AIM OF THE TASK
Copy out the listing in full, exactly as written, but not its pictures.

Top of DATA EXCERPT

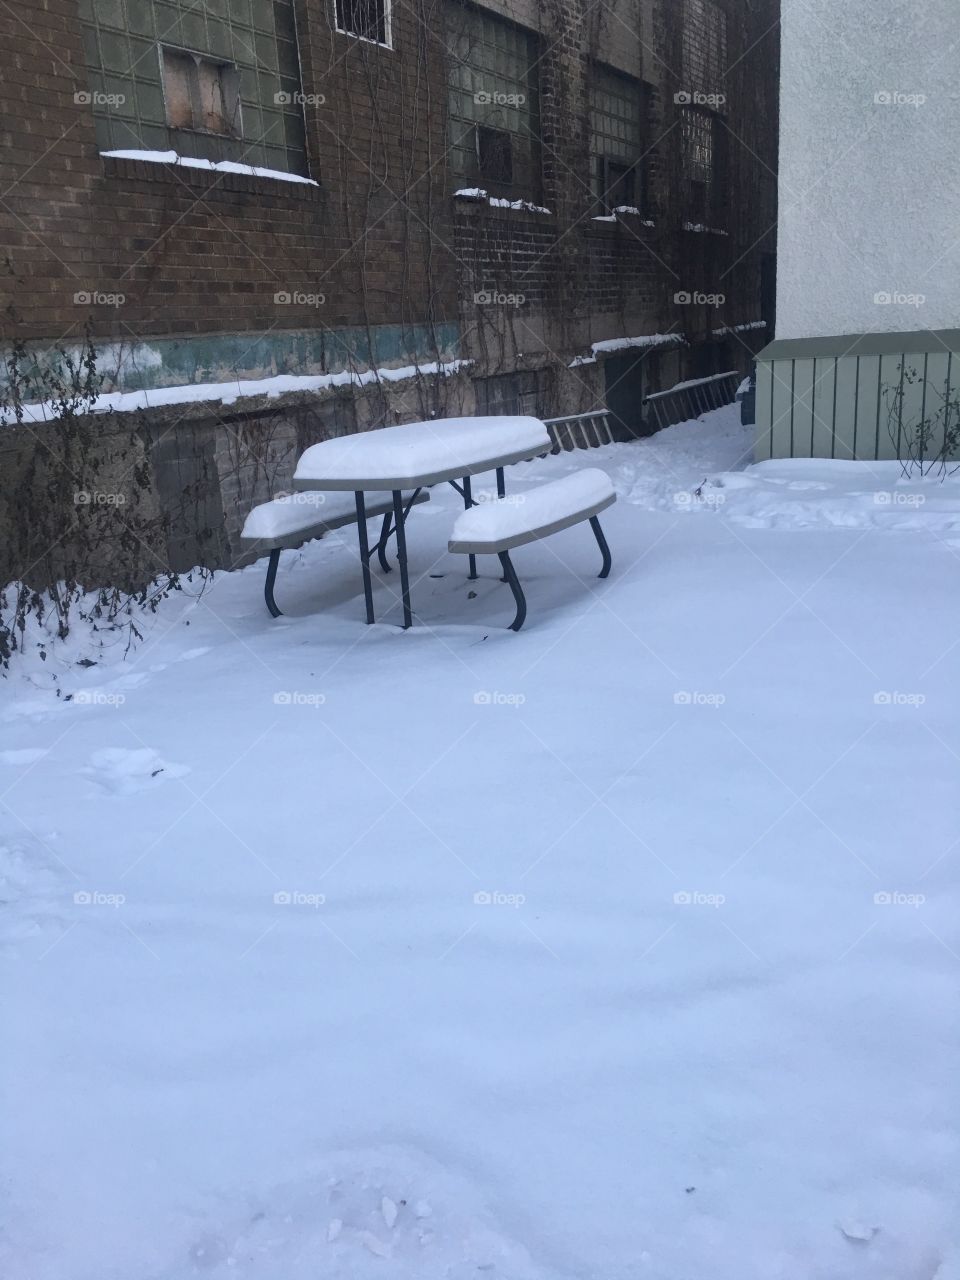 Snow in Minneapolis, MN Winter of 2016
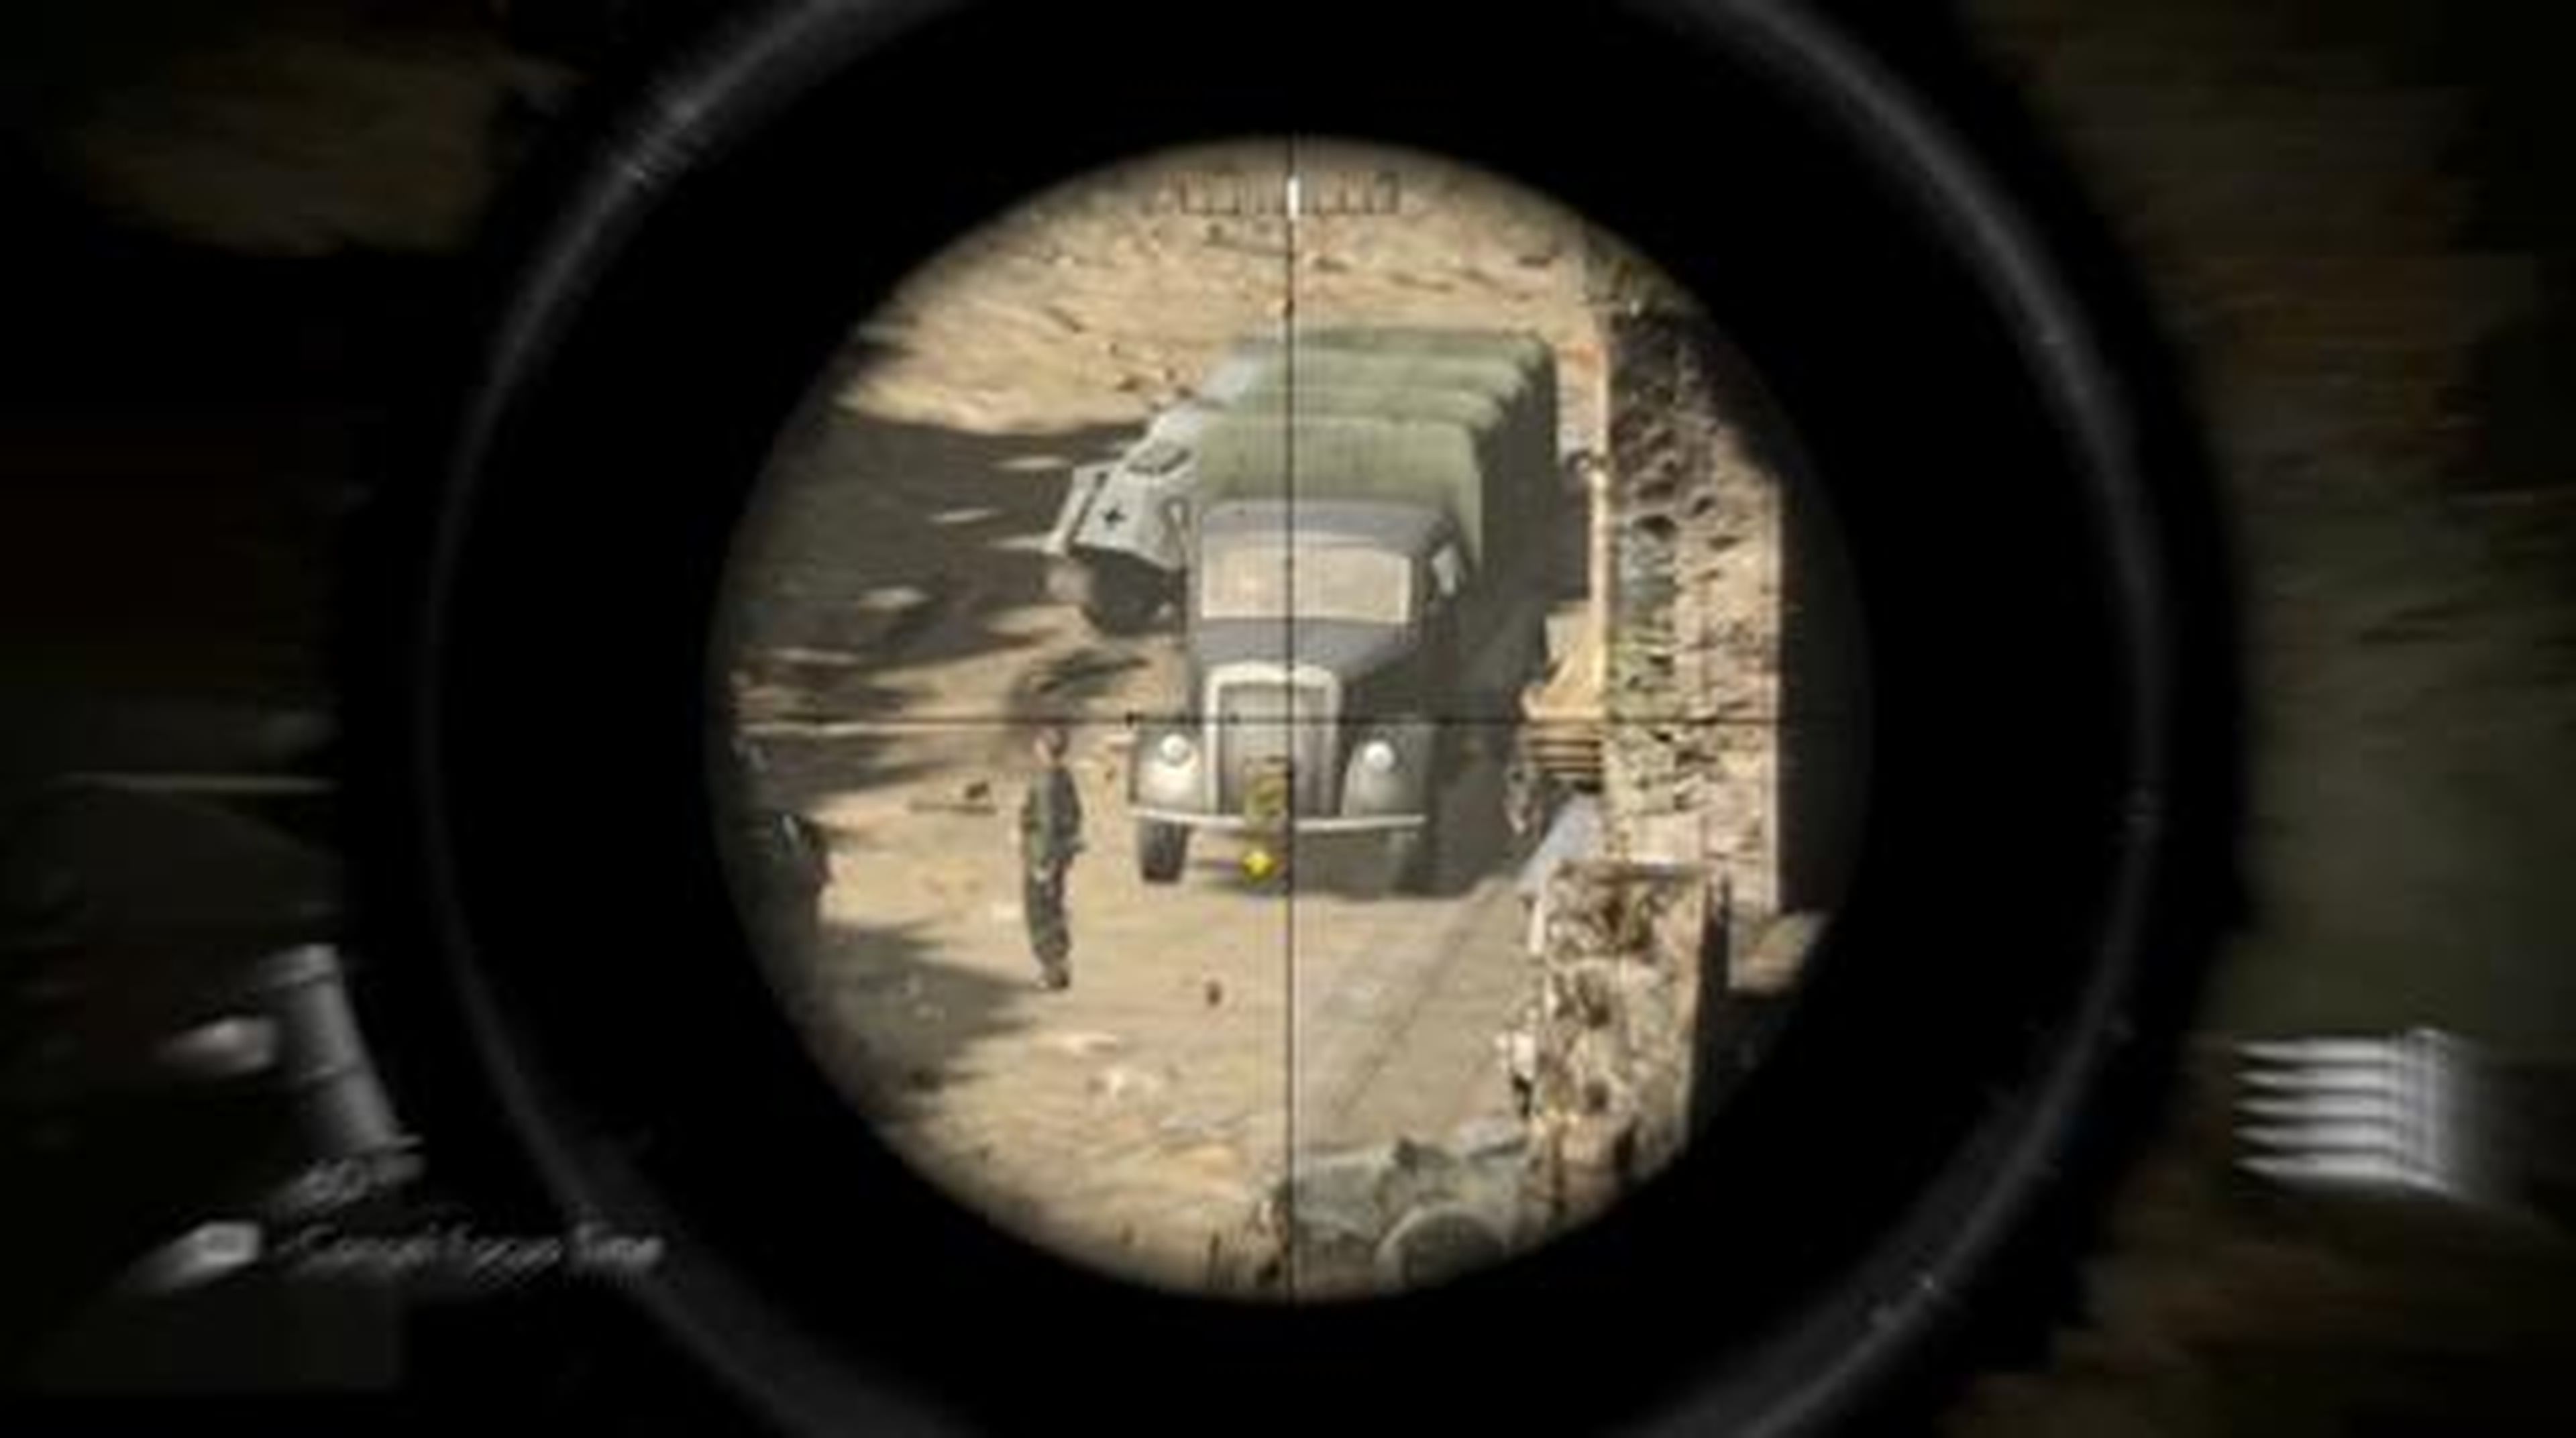 Sniper Elite V2 - Kill Cam of the Week 2 en HobbyNews.es
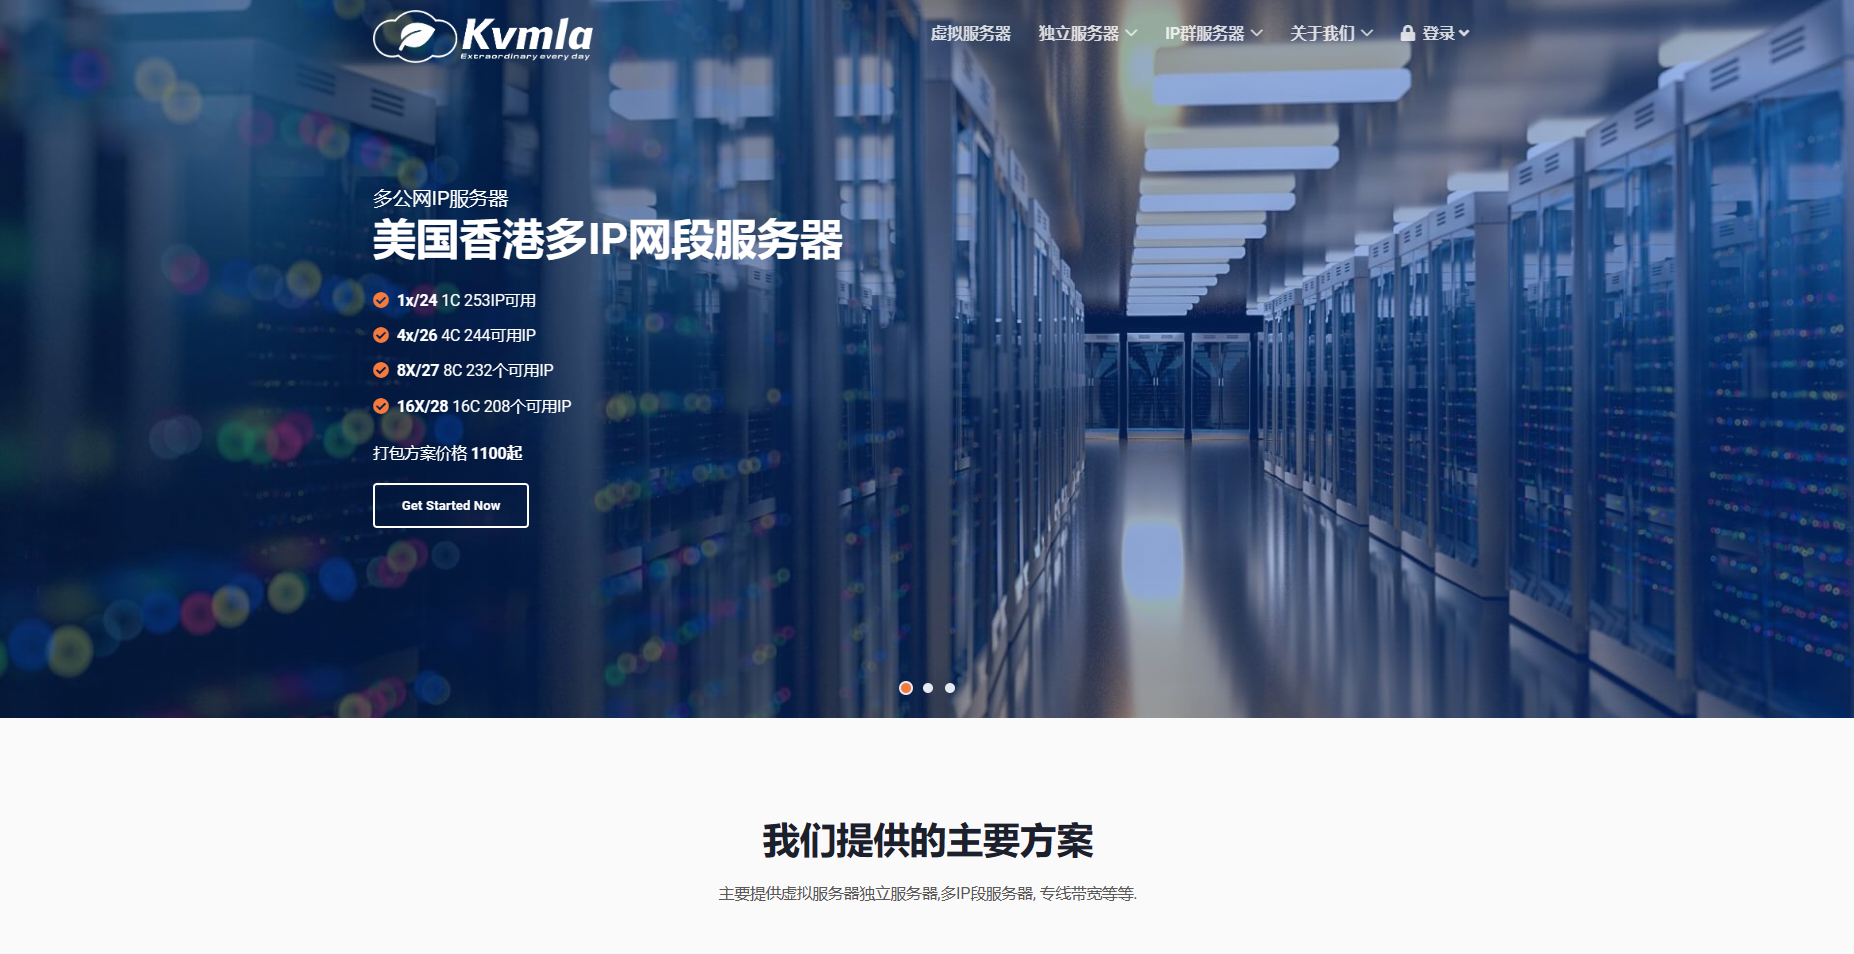 kvmla：日本VPS(软银)8折优惠，可叠加充值多送20%活动，60元/月，2G内存/2核/30gSSD/600G流量，支持Windows/Linux

Bottom of DATA EXCERPT

OUTPUT OF THE EXERCISE
 Snow in Minneapolis, MN Winter of 2016
 Sniper Elite V2 - Kill Cam of the Week 2 en HobbyNews.es
 kvmla：日本VPS(软银)8折优惠，可叠加充值多送20%活动，60元/月，2G内存/2核/30gSSD/600G流量，支持Windows/Linux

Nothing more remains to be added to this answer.